Baker committed civil battery and assault; (4) Black, Davis, Baker, and Copley falsely imprisoned C.M.; and (5) all individual defendants are liable for the tort of outrage. (Id. at 21-47). Plaintiffs allege that they suffered injuries, including mental and emotional distress, reasonable apprehension of bodily harm to C.M., and loss of enjoyment of life. (Id. at 22, 27, 28, 31, 33, 39, 40, 41, 42, 45, 47). They seek monetary damages and injunctive relief. (Id. at 47). II. Discussion Plaintiffs filed a motion to compel discovery responses under Fed. R. Civ. P. 37. The scope of discovery that is permissible in this action is set forth in Rule 26(b)(1) of the Federal Rules of Civil Procedure, which states: [U]nless otherwise limited by court order, the scope of discovery is as follows: Parties may obtain discovery regarding any nonprivileged matter that is relevant to any party’s claim or defense and proportional to the needs of the case, considering the importance of the issues at stake in the action, the amount in controversy, the parties’ relative access to relevant information, the parties' resources, the importance of the discovery in resolving the issues, and whether the burden or expense of the proposed discovery outweighs its likely benefit. Information within this scope of discovery need not be admissible in evidence to be discoverable.
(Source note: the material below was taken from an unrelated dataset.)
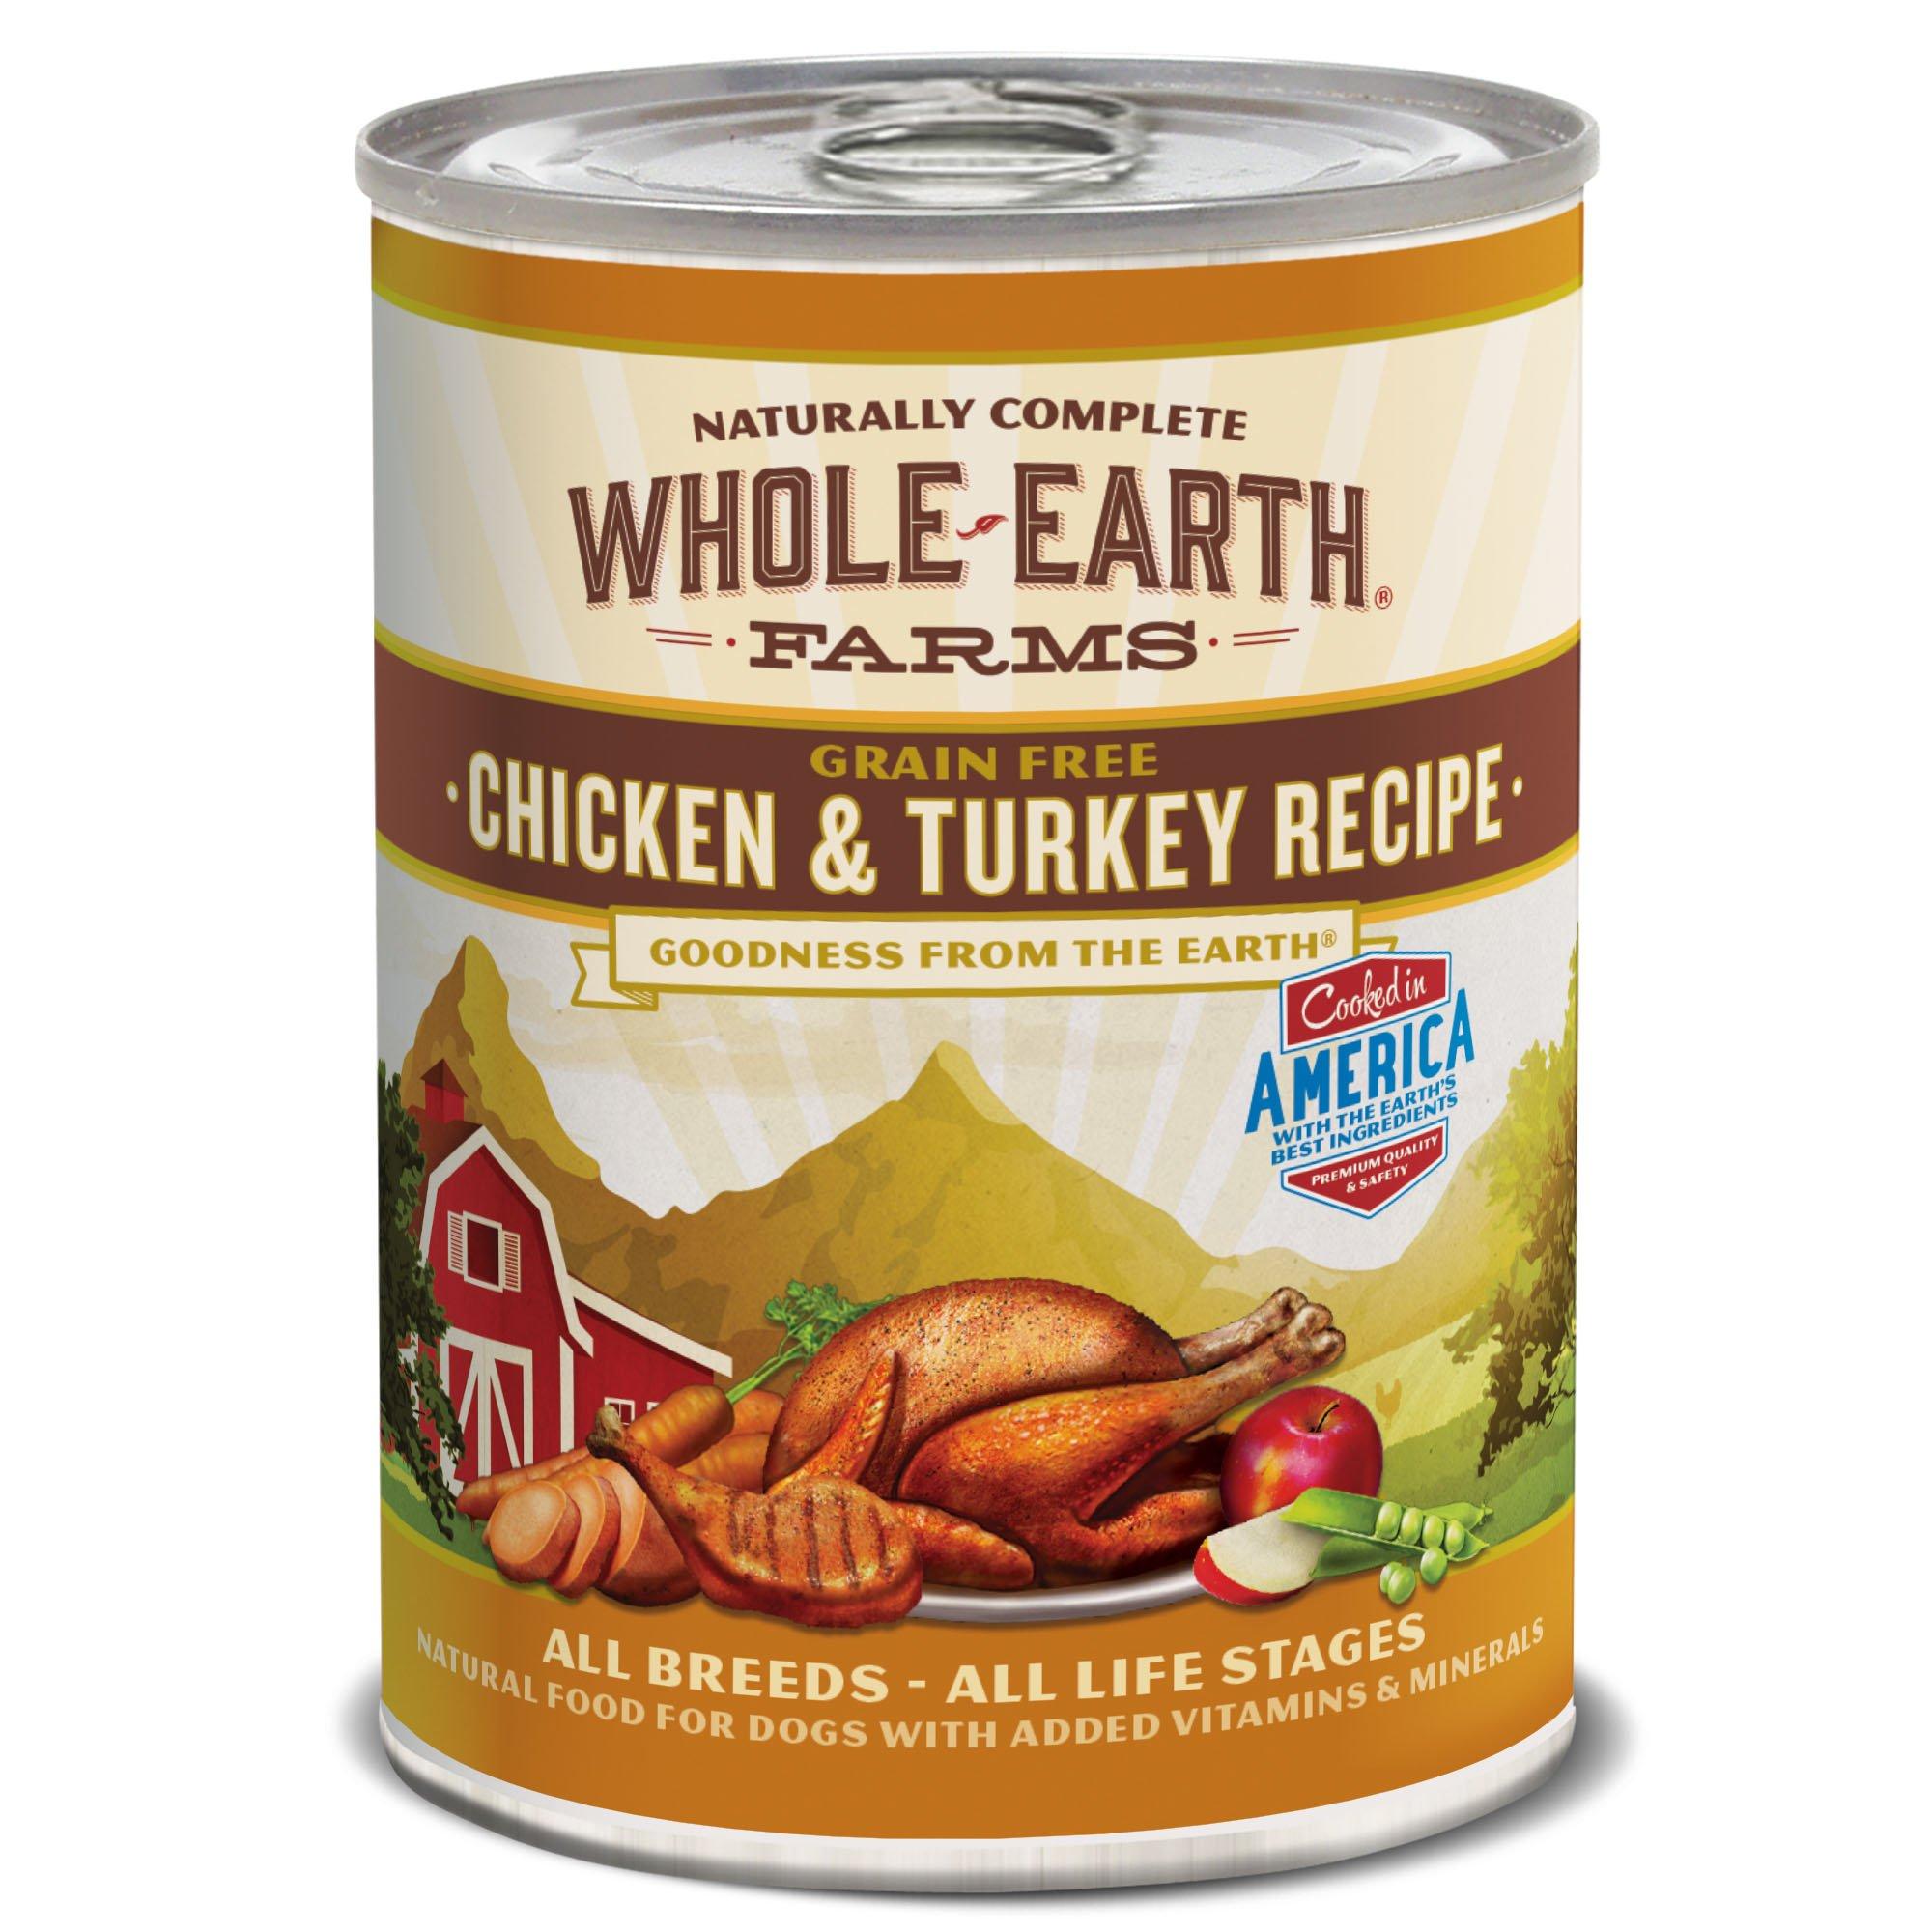 Merrick Whole Earth Farms Grain Free Canned Dog Food, 12.7 oz, 12 Count

Fed. R. Civ. P. 26(b)(1). “Relevancy under this rule has been broadly construed to encompass any possibility that the information sought may be relevant to the claim or defense of any party.” Becton, Dickinson & Co. v. BioMedomics, Inc., No. 5:20-CV- 536-FL, 2021 WL 3864476, at *3 (E.D.N.C. Aug. 30, 2021) (citations omitted). Yet, even if seeking relevant information, the discovery request must be proportional to the needs of the case. Fed. R. Civ. P. 26(b)(1).